Die Kostümierung der Musiker, das Ankleben von Bärten, Aufsetzen von Perücken und
ähnlich billige Mätzchen werden aufhören. Ausländische Schlagermusik soll nach
Möglichkeit verschwinden - und alle Schlager, die gespielt werden, sollen so zu Gehör
gebracht werden, wie es unserem Empfinden entspricht. Jaulende Musik, abgehackte
Rhythmen und alles was verniggert ist, hat zu unterbleiben!"

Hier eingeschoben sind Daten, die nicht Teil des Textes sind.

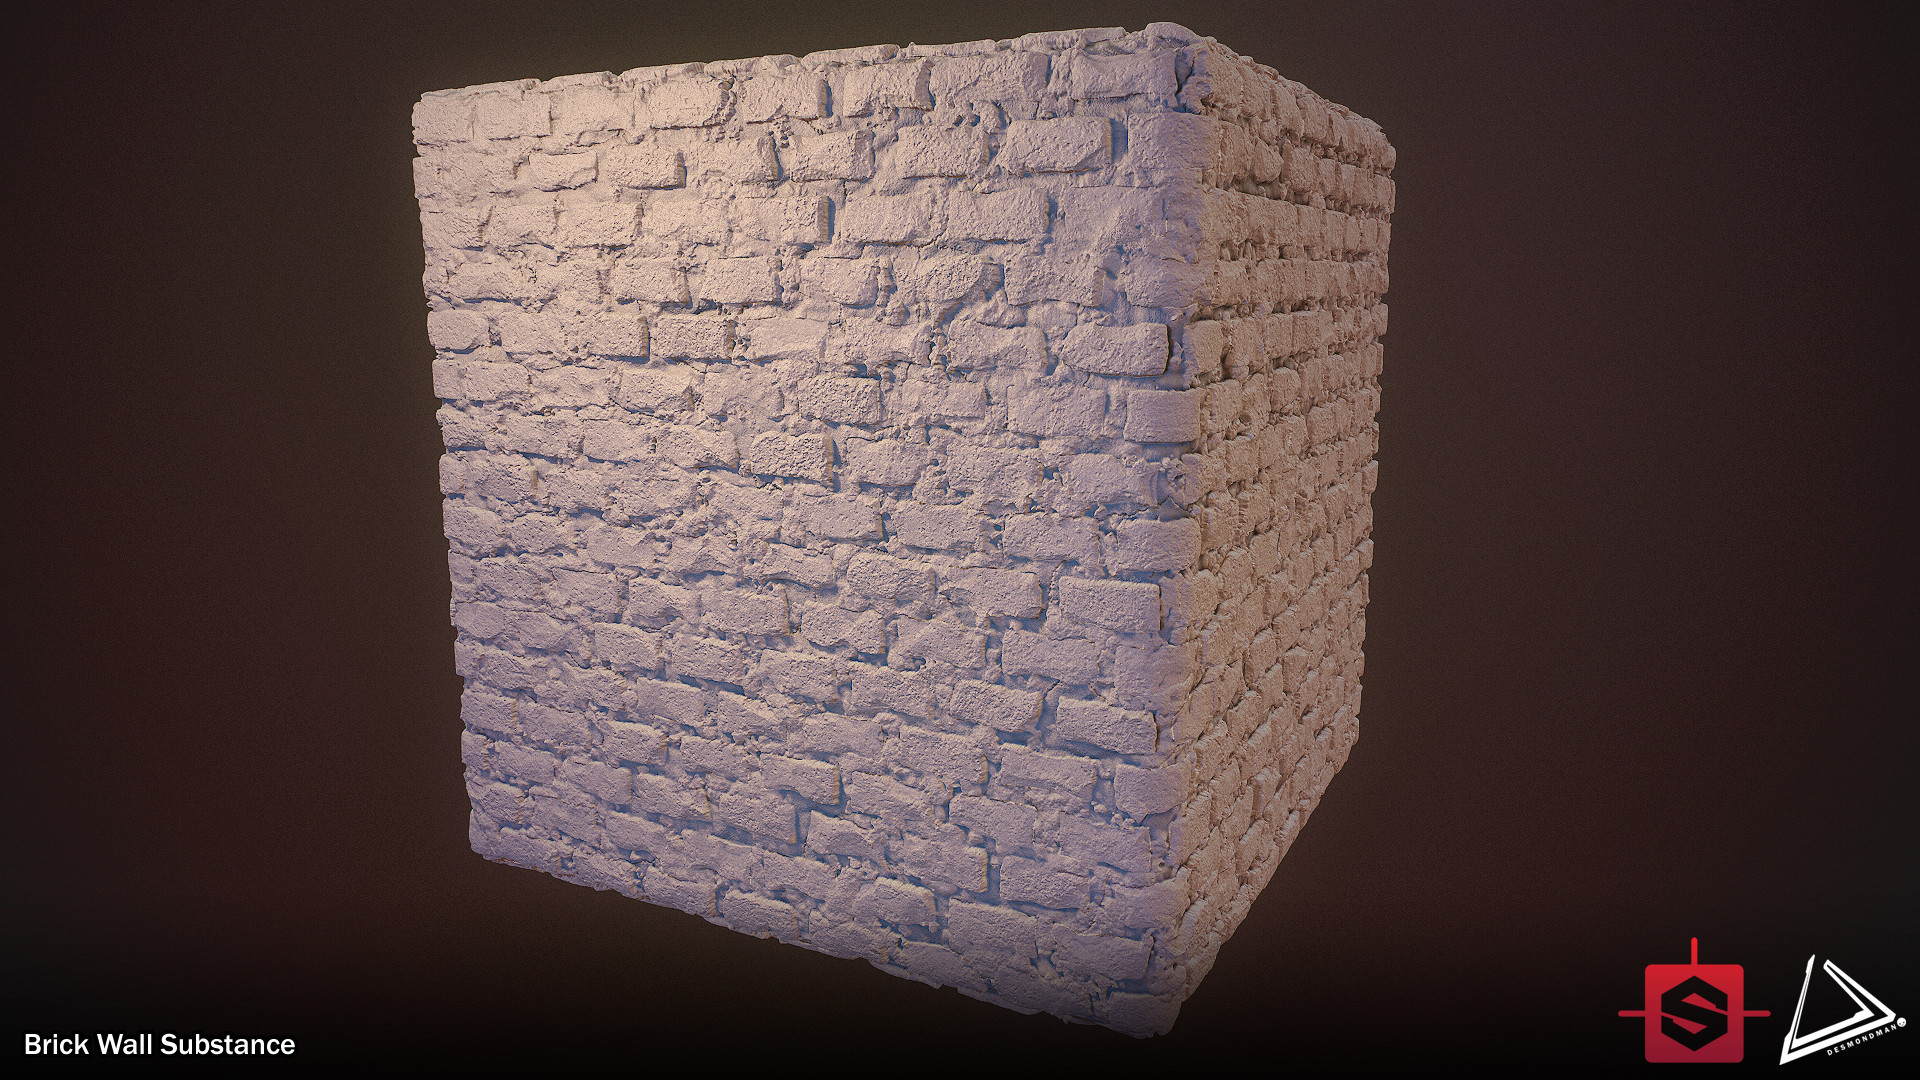 Desmond man sbwc brickwall01 showcase02

Nun ging man schärfer gegen "verbotene, artfremde Musik" vor. Schellack-Platten
wurden sofort beim Zoll kassiert und SS-Männer zertrampelten sie. Es konnte jedoch
genauso möglich sein, dass so mancher Uniformierter sie mit nach Hause nahm, weil
er ein heimlicher Sammler war. Aufnahmen von Artie Shaw zählten zu den
begehrtesten Sammlertrophäen und wurden unter den gefährlichsten Bedingungen
immer wieder im Untergrund angeboten.
Der Musikwissenschaftler Gotthold Frotscher, 1936-1945 Professor an der Berliner
Universität und erstaunlicherweise ab 1950 dann wieder an der pädagogischen
Hochschule Berlin aktiv, verkündete 1943 in der Abhandlung Musik in Jugend und
Volk:
"Vieles von dem, was an volksfremden Bestandteilen gegenwärtig noch unserer Musik
und Musikauffassung anhaftet, kann mit dem Schlagwort des Amerikanismus
gekennzeichnet werden. Als Ausdruck dieser verlogenen, amerikanisierten Unkultur ist
der Jazz nach Europa gedrungen. Wir finden in ihm am deutlichsten jene
Zwiespältigkeit, die nur aus dem Wesen des Amerikanismus erklärt werden kann:
Einer verzerrten, stetig nach Willkür wechselnden Rhythmik steht ein maschinell
gleichförmiges Stampfen des Schlagwerks entgegen, einem raffinierten Aufputz der
Klangfarben und Harmonien eine geradezu armselige Primitivität der Melodik. Die
Musikgesinnung ,die sich in diesen Jazzprodukten kundtut, ist noch längst nicht aus
dem Denken und Fühlen aller bewussten Europäer geschwunden. So droht jene
unwahre Zwitterhaftigkeit des Amerikanismus den Sinn für alles organisch Gesunde
und naturhafte Schlichte zu verderben."
Erfreulicherweise gab es auch noch eine Reihe mutiger, kreativer Menschen, die diese
Wirklichkeit des Regimes nicht akzeptierten. Die Schallplattenfirmen brachten sogar
"Swing-Serien" heraus. An die Stelle von ausdrücken wie "hot" und "Jazz" setzte man
das Wort" Swing".
Es erschienen Aufnahmen von Fletcher Henderson, Benny Goodman, Benny Carter,
Hans Koller u.a.
In den Tanzlokalen tanzte man "Swing", so wie zehn Jahre zuvor Charleston und Black
Bottom. In Berlin, in der Friedrich-, Ecke Leipziger Straße wurden notengetreu
amerikanische Platten kopiert, die Musiker spielten und improvisierten teilweise die
bekannten Nummern wie:
"Sweet Sue", " Some of These Days" und sowie den
"Tiger Rag" u.a.. Im "Delphi Palast", wo Teddy Stauffer und seine "Teddies" spielten,
war es nicht anders. Es gab auch noch die kleinen Lokale und Bars mit den Combos,
z.B. "Sherbini" in der Uhlandstraße, das "Ciro", wie das "Quartier Latin" im Zoo-Viertel
...
In den Jahren von 1936-1944 bildeten sich in Deutschland etwa ein Dutzend Hot Clubs bzw. Jazz - Clubs, in denen sich die Elite der damaligen Jazzliebhaber
zusammenfand, so auch einige Persönlichkeiten, die nach dem Kriege prominent für
den Jazz tätig waren.
Swing ließ sich eben doch nicht wirklich verbieten!